Friday, December 04, 2015

Middle Eastern men sneaking across our porous southern border

Judicial Watch reports,
Five young Middle Eastern men were apprehended by the U.S. Border Patrol this week in an Arizona town situated about 30 miles from the Mexican border, law enforcement and other sources told Judicial Watch.

Border Patrol agents spotted the men crossing a ranch property in the vicinity of Amado, which is located about 35 miles south of Tucson and has a population of 275. Two of the Middle Eastern men were carrying stainless steel cylinders in backpacks, JW’s sources say, alarming Border Patrol officials enough to call the Department of Homeland Security (DHS) for backup. A multitude of federal agents descended on the property and the two men carrying the cylinders were believed to be taken into custody by the FBI.

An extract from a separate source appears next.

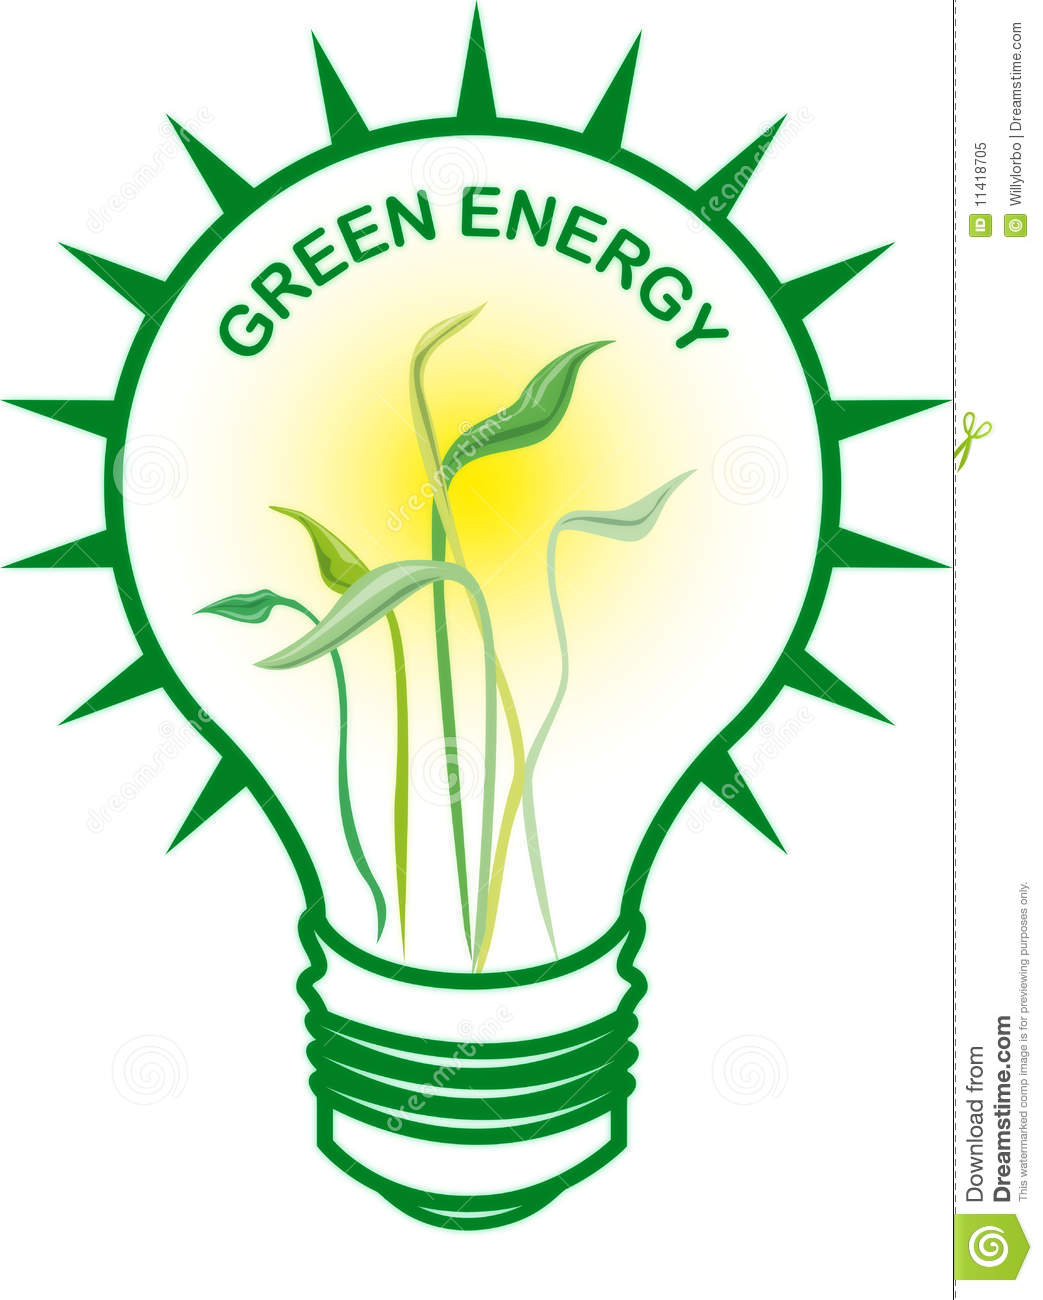 Green Energy Bulb Royalty Free Stock Photo   Image  11418705

The disturbing incident comes just days after six men—one from Afghanistan, five from Pakistan—were arrested in nearby Patagonia, a quaint ranch town that sits 20 miles north of the Mexican border city of Nogales.

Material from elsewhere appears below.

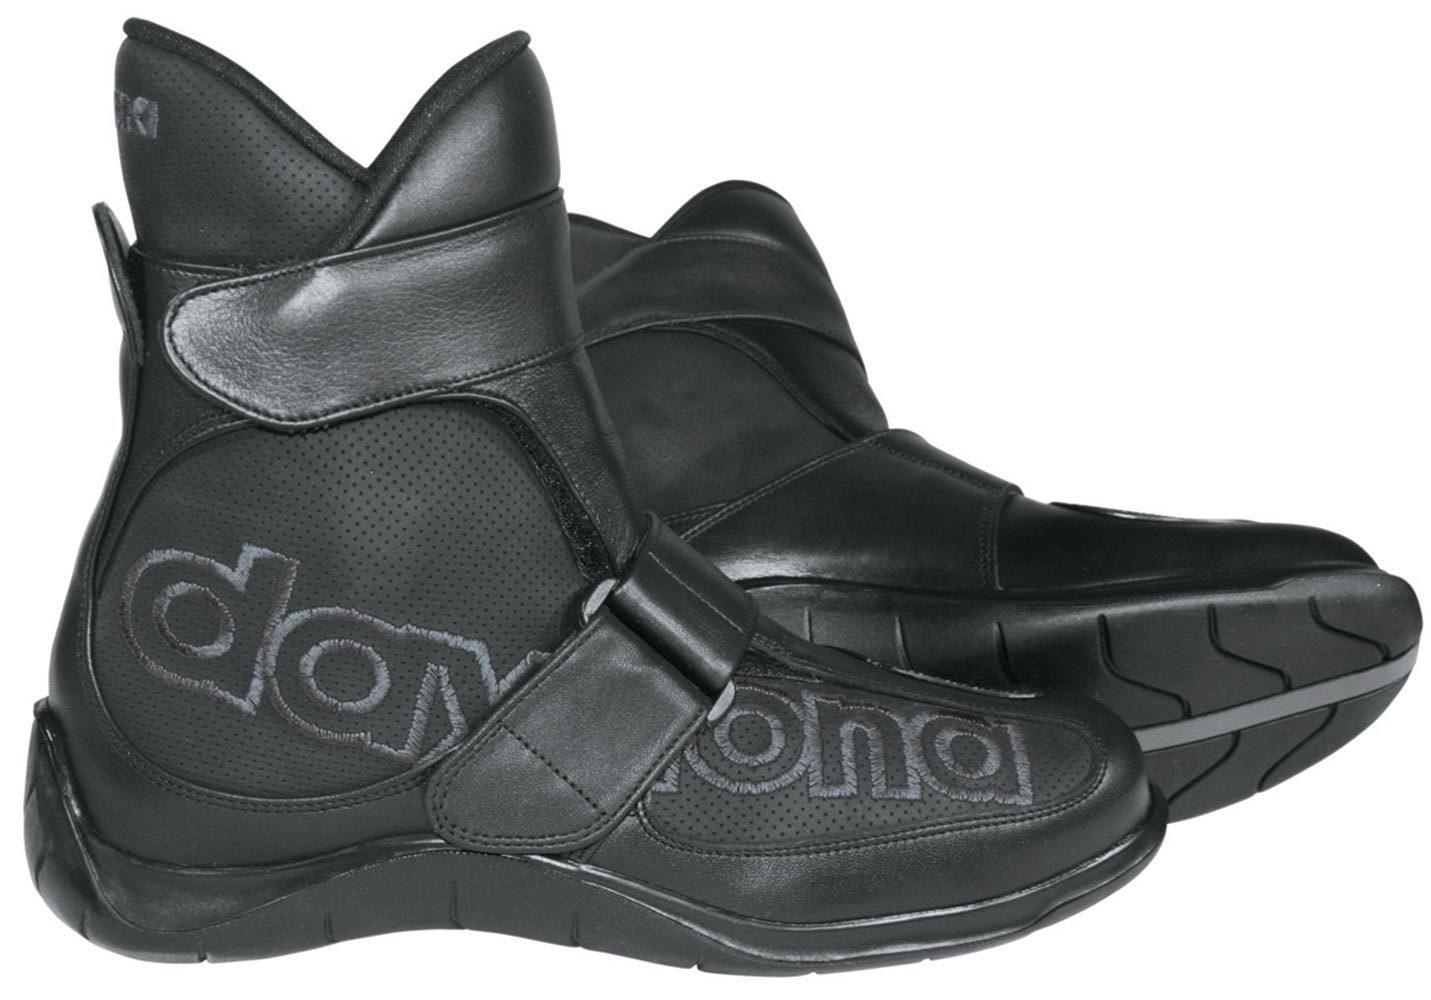 Daytona Shorty Chaussures de moto Noir 34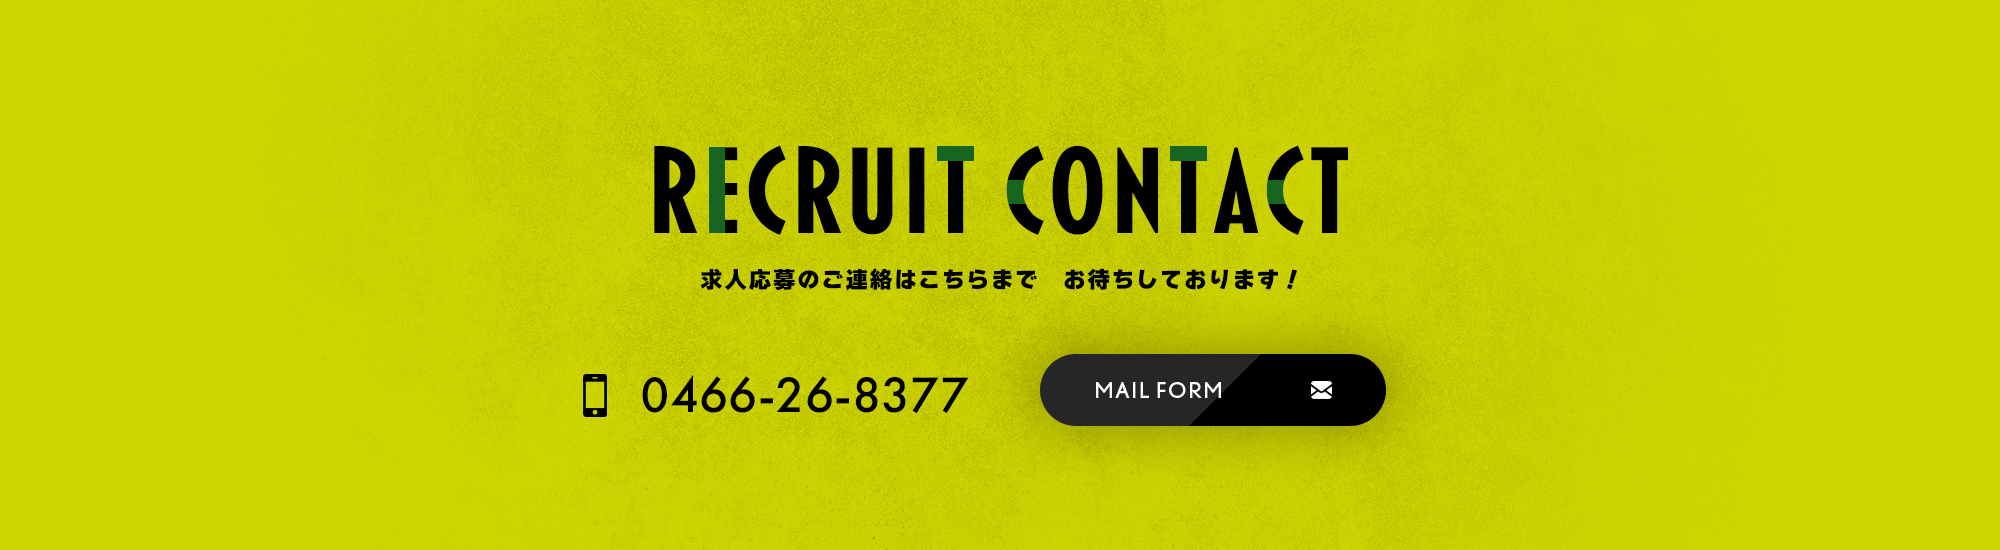 _bnr_contact_recruit

...In the last year JW has broken a number of stories involving serious terrorist threats on the southern border that were disputed on the record by various Obama administration officials. Among these is an April report—confirmed by high-level Mexican authorities—about ISIS operating camps near the U.S. border in areas known as Anapra and Puerto Palomas west of Ciudad Juárez in the Mexican state of Chihuahua.

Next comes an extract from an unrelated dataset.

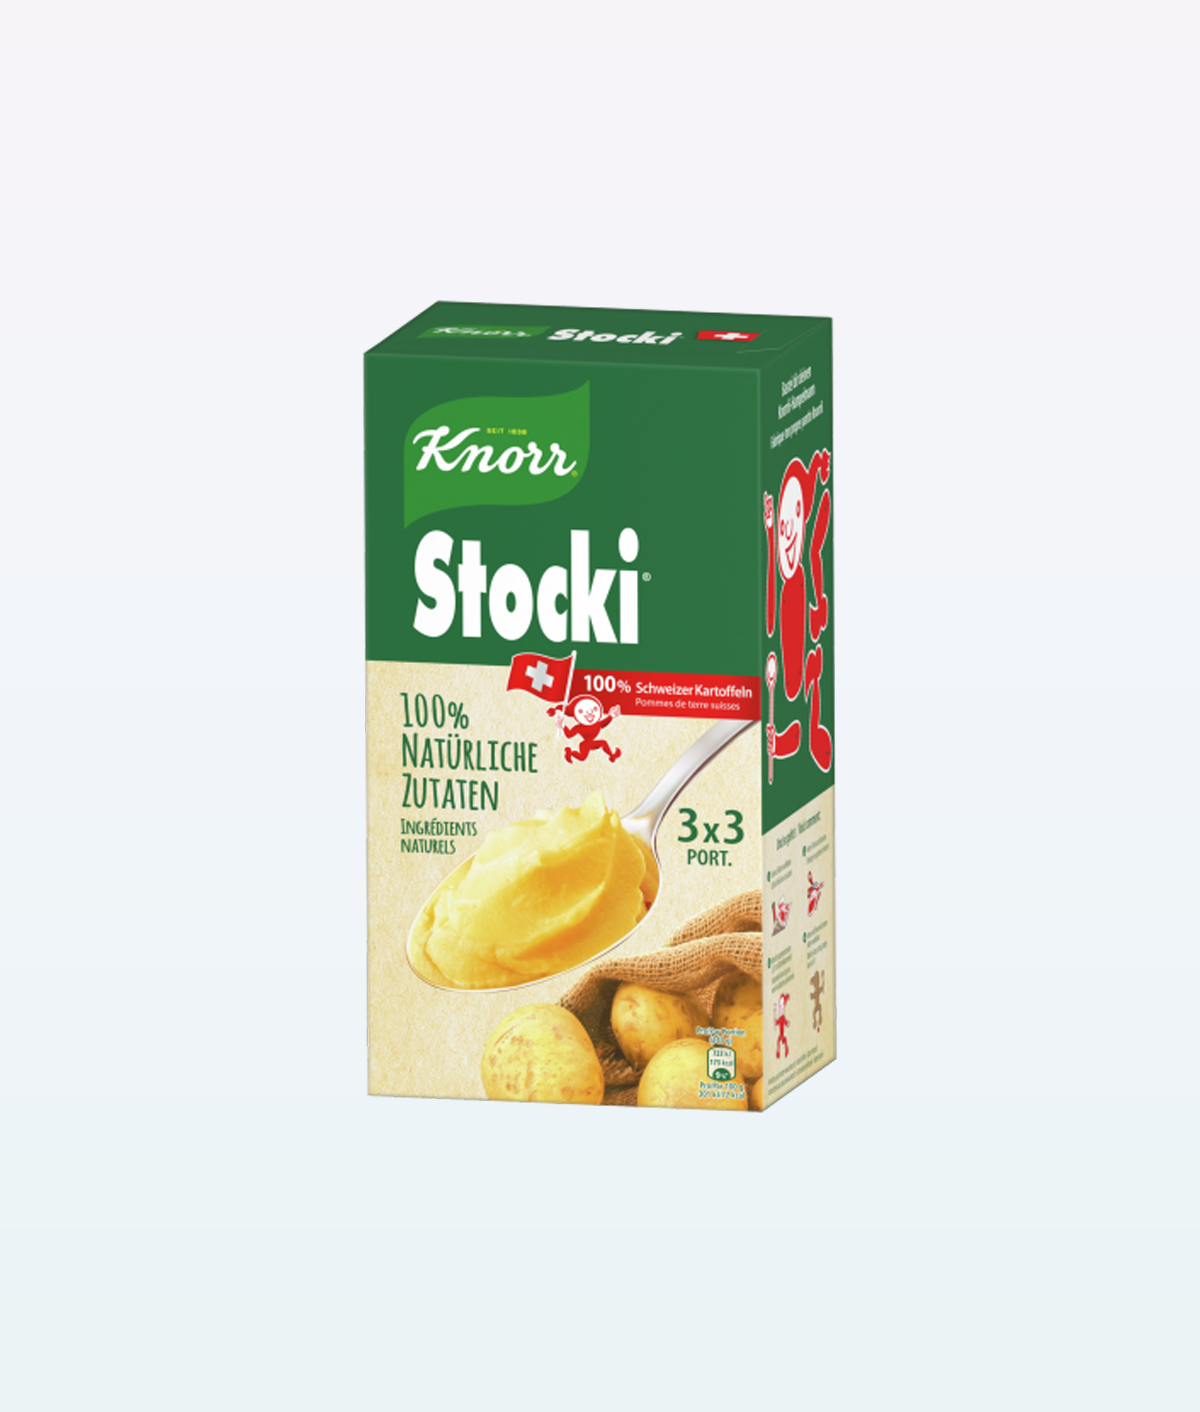 knorr-stocki-potato

...Last fall JW was the first to report on an Islamic State of Iraq and Greater Syria (ISIS) plot orchestrated from Ciudad Juárez to attack the U.S. with car bombs or other vehicle borne improvised explosive devices (VBIED). As a result of JW’s reporting Ft. Bliss, the U.S. Army base in El Paso, increased security. The threat was imminent enough to place agents across a number of Homeland Security, Justice and Defense agencies on alert. A few weeks later JW reported that four ISIS terrorists were arrested by federal authorities and the Texas Department of Public Safety in McAllen and Pharr.